Transcribe the stretch of entries below from the line with "Notebook with a" through the line with "Smiling female university", exactly and with both ends included; leave out all other lines.

Stored records
+++++
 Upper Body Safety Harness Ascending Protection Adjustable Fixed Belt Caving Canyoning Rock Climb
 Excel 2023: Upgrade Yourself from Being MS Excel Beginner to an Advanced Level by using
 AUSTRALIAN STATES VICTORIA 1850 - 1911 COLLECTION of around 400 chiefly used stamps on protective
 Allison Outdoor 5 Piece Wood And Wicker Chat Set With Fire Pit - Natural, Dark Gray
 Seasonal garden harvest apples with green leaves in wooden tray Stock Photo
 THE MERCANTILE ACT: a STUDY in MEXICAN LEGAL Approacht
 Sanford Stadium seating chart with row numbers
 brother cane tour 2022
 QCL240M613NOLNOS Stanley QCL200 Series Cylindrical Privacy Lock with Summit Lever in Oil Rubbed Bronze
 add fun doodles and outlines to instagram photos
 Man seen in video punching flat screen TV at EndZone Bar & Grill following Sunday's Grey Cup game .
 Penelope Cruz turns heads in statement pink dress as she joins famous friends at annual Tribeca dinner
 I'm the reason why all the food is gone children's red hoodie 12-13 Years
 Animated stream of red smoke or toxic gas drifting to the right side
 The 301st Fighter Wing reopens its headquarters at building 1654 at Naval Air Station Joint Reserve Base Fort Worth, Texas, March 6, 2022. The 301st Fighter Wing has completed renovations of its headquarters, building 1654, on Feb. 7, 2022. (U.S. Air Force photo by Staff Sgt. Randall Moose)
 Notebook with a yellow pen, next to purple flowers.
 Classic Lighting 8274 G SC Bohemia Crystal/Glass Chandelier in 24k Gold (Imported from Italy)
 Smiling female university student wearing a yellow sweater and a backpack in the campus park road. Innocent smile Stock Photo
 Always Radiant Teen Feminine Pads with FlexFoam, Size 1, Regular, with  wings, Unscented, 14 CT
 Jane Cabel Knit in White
+++++
RESPONSE BELOW:
 Notebook with a yellow pen, next to purple flowers.
 Classic Lighting 8274 G SC Bohemia Crystal/Glass Chandelier in 24k Gold (Imported from Italy)
 Smiling female university student wearing a yellow sweater and a backpack in the campus park road. Innocent smile Stock Photo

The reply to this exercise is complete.